There has been successful utilization of the understanding of fatty acid and TAG biosynthesis to increase seed oil in legumes using overexpression of key genes. There are opportunities to build on this using the so-called ‘push’, ‘pull’ and ‘protect’ approach (Pyc et al. 2017). Current genomics in legumes makes it possible to readily locate orthologues based on studies in other species. The optimization of oil body assembly for maximum oil is not completely clear, e.g. see the different oil body size patterns between Pongamia, soybean and M. truncatula oil bodies (Fig. 1). However, both oleosins and seipens have important roles. In legumes, suitable experimental systems are required that can point to the most appropriate genes for stacking, for subsequent whole plant analysis. Such systems are available in the model legume M. truncatula, using transient leaf expression and somatic embryos (Picard et al. 2013; Song et al. 2013).

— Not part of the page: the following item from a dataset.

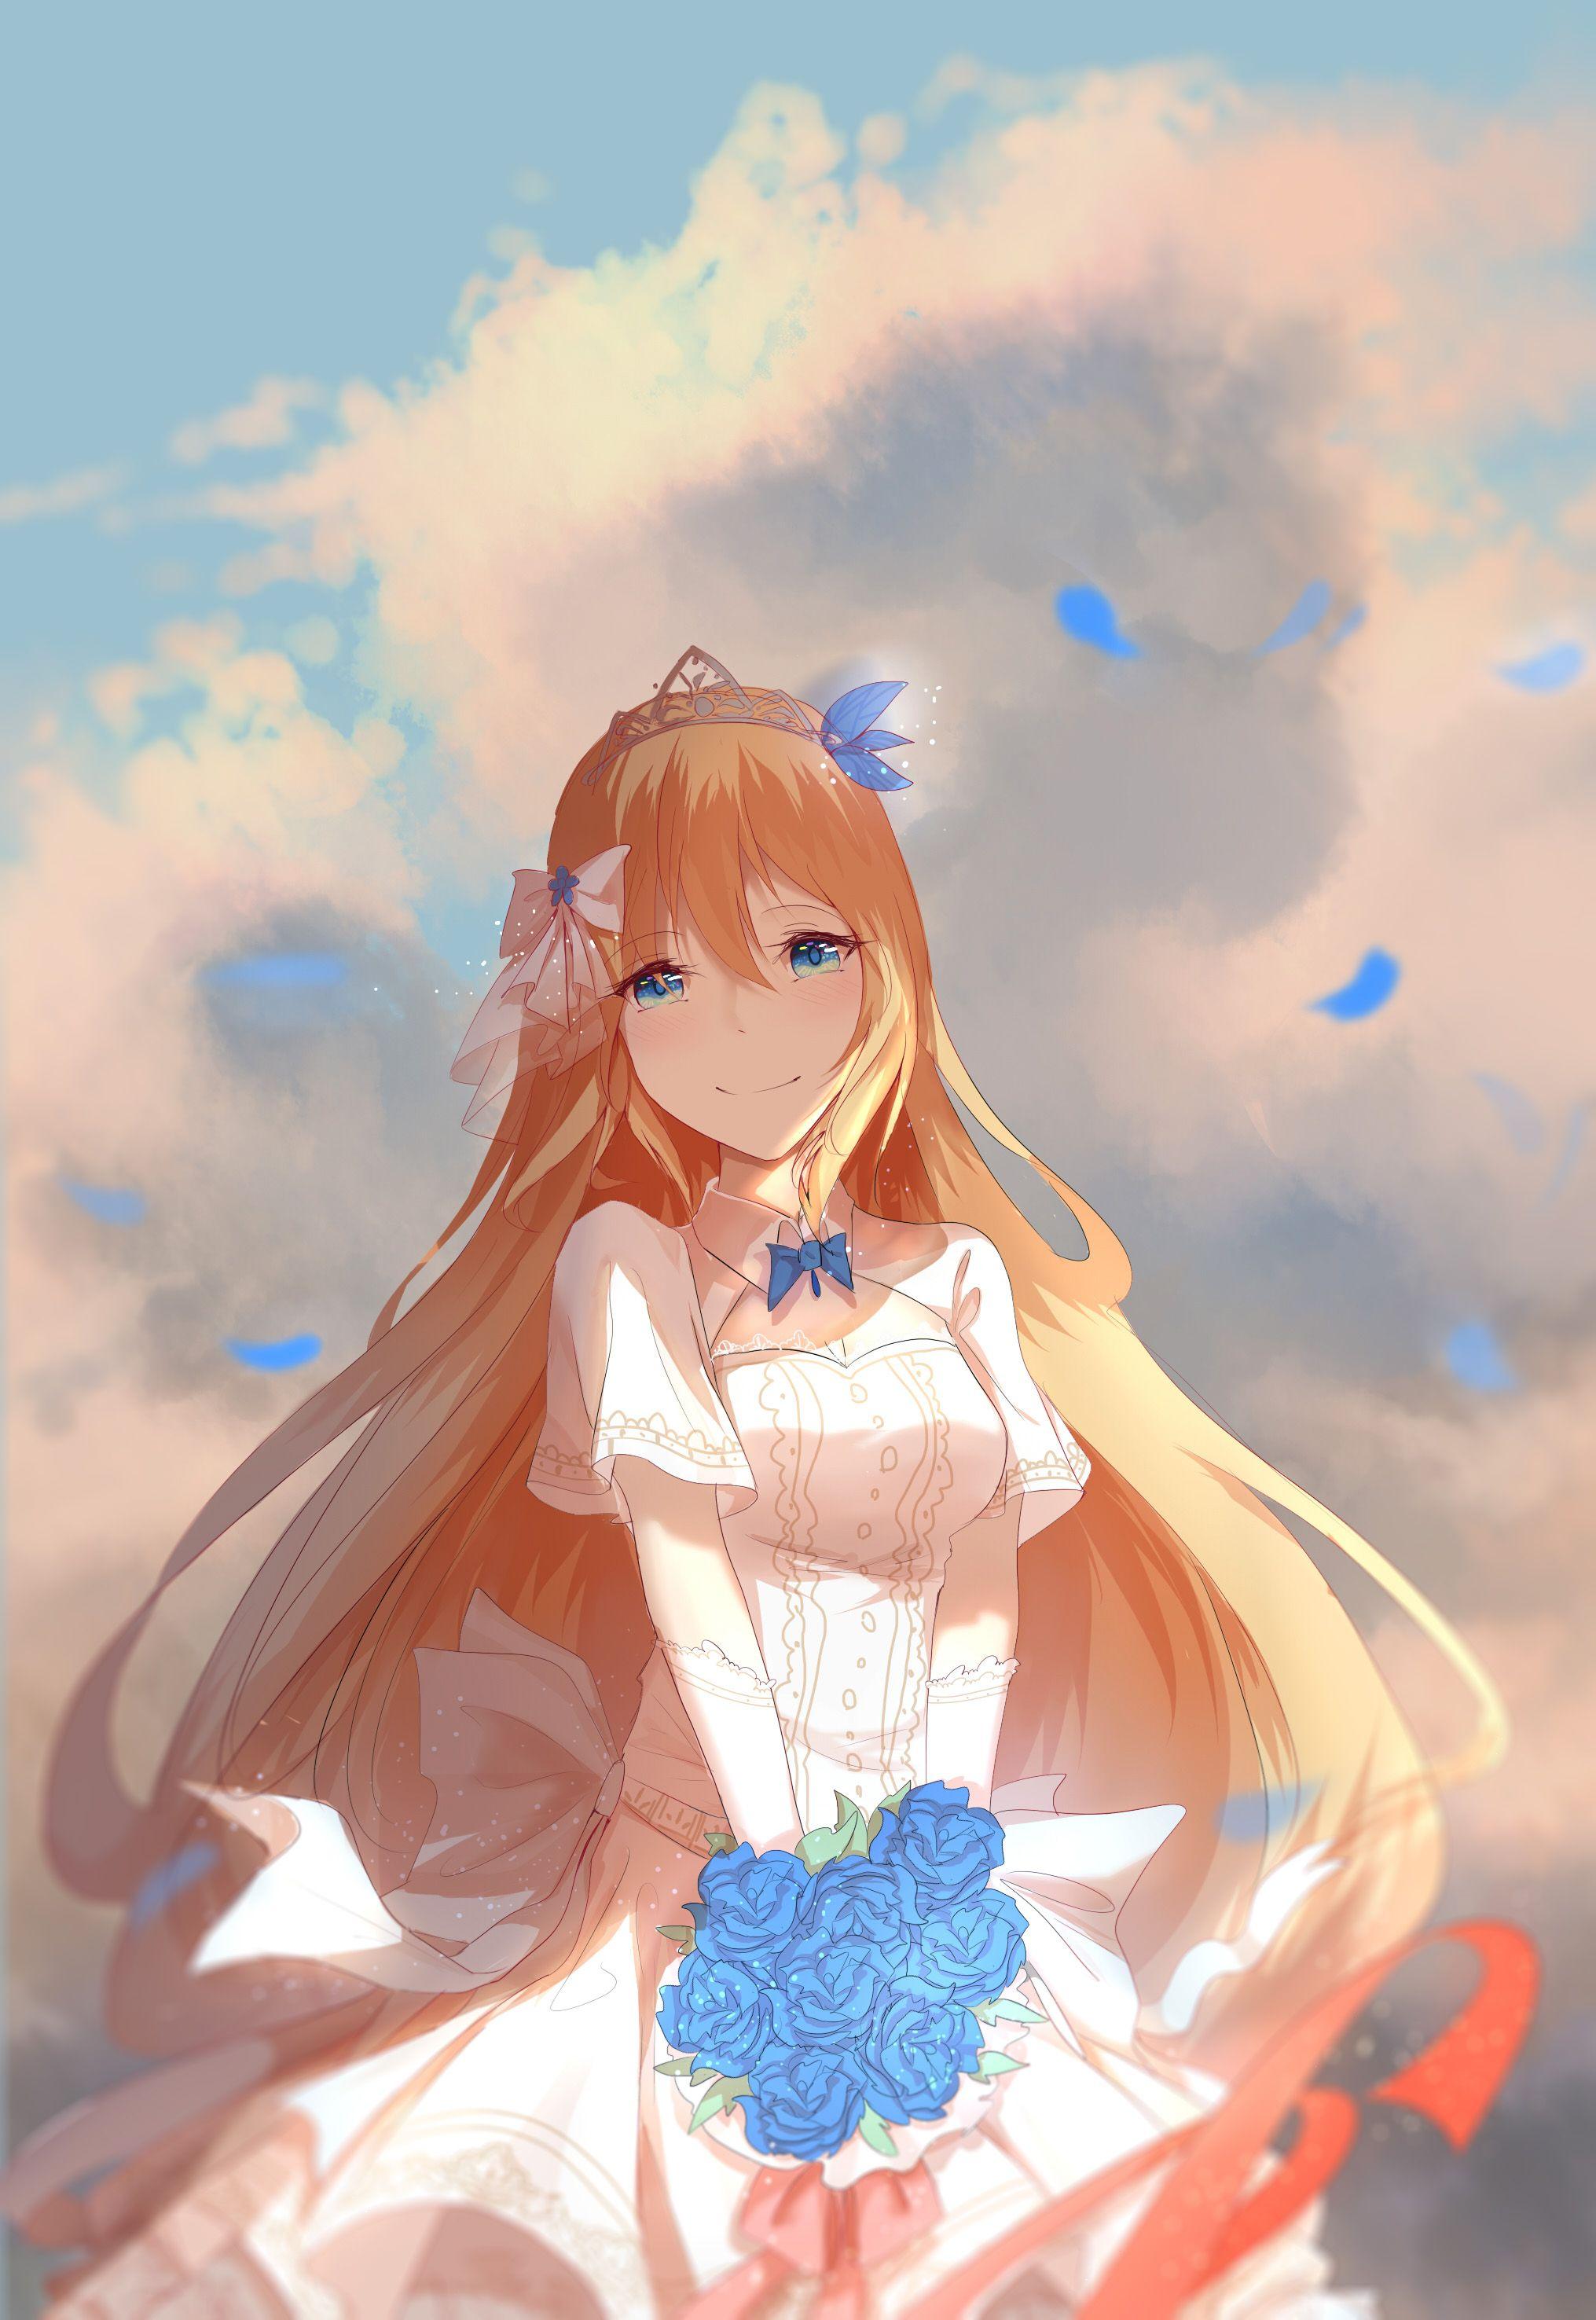 Anime girl - wedding dress | Manga - Anime | Pinterest

Regulation of carbon partitioning determines the mix of carbohydrate (sugars, starch, cell wall storage polysaccharides) and oil. Legumes with their diversity of seed protein, oil and carbohydrate offer potential for progressing understanding of the key determinants of storage partitioning. The large amount of variation in the legume family is a major resource for the future (Gresshoff et al. 2015). Improved understanding of partitioning will likely require gene knockdown to reduce carbon flow into some pathways, to promote oil biosynthesis. Knockdown can be facilitated by the utilization of CRISR-cas9 technology (Luo et al. 2016).

There are other opportunities with non-transgenic molecular breeding approaches (Chaudhary et al. 2015). The improved knowledge of oil body biogenesis, particularly in relation to oil body assembly, together with available genomic resources can facilitate development of selection markers. The current knowledge of biochemistry and molecular biology knowledge can be linked to the information derived from QTLs (Quantitative Trait Loci) and genome -wide association studies, available in legume crops such as soybean (Chaudhary et al. 2015). Meta-QTL analysis has been carried out on oil content in legumes (Qi et al. 2011; Zhaoming et al. 2017). Identification of transcript polymorphisms using integrated RNA-seq and bioinformatics is another approach to identify lines varying in oil composition (Goettel et al. 2014). CRISPR-cas9 gene-editing technology can be utilized where there are useful variants of known genes and regulatory regions (Luo et al. 2016).

Biotechnology to enhance oil production in legumes can be utilized not only in oil crops but for nutritional enhancement in other food legumes with low-lipid seed stores. While maximizing oil levels is a major biotechnological objective, there is also substantive potential in modifying fatty acids for different types of oil utilization as well as using oil bodies as a vehicle for seed protein enrichment.

Author contribution statement

YS and RJR designed and wrote the review; X-D Wang did the oil body cytology.